For the second error, are you able to ls the file that it is complaining about? If yes, this might be an intermittent filesystem error on your system. If no, this would be a question for the IEDB help desk.

ktroule commented 6 years ago

Yes, indeed. It seems to be a problem related to NetMHCcons, once I remove this it seems to work smoothly. I'll try to solve this, but just in case I'm not as NetMHCcons = NetMHC + NetMHCpan + PickPocket. Would be ok if I add those three instead of NetMHCcons?

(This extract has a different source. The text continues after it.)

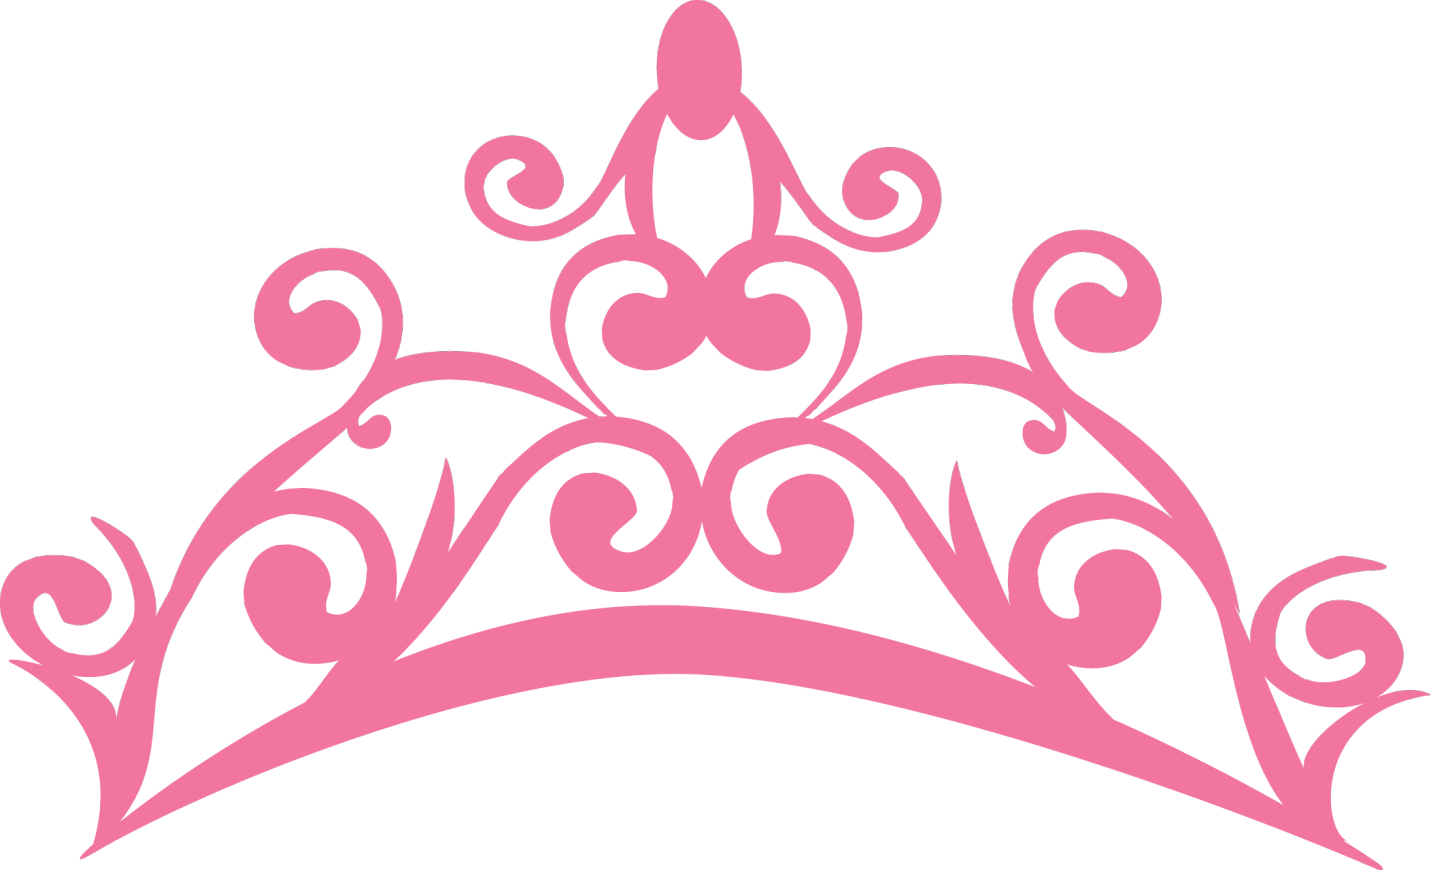 Princess Crown Wallpapers

Anyways I'll try to solve it.

Thanks for your help.

susannasiebert commented 6 years ago

Yes, that would work. However, I'm not sure what method NetMHCcons uses to aggregate the binding affinity of those three prediction algorithms. pVACseq will output median and mean binding affinity of all prediction algorithms used, as well as the individual binding affinities predicted by each algorithm.

ktroule commented 6 years ago

Is it possible to know the command that pVac-seq is sending to the IEDB predictors?

Thanks, once more.

susannasiebert commented 6 years ago

If IEDB is causing an error, it will note the problematic IEDB command in the error message (e.g. Command '['python2.7', '/local/pvacseqfiles/mhc_i/src/predict_binding.py', 'netmhccons', 'HLA-A*30:02', '8', '/local/NeoPan/pvacout/MHC_Class_I/tmp/pan1033_21.fa.split_1-134']'). You would be able to execute that on the command line by just concatenating all the parts inside the array [] together.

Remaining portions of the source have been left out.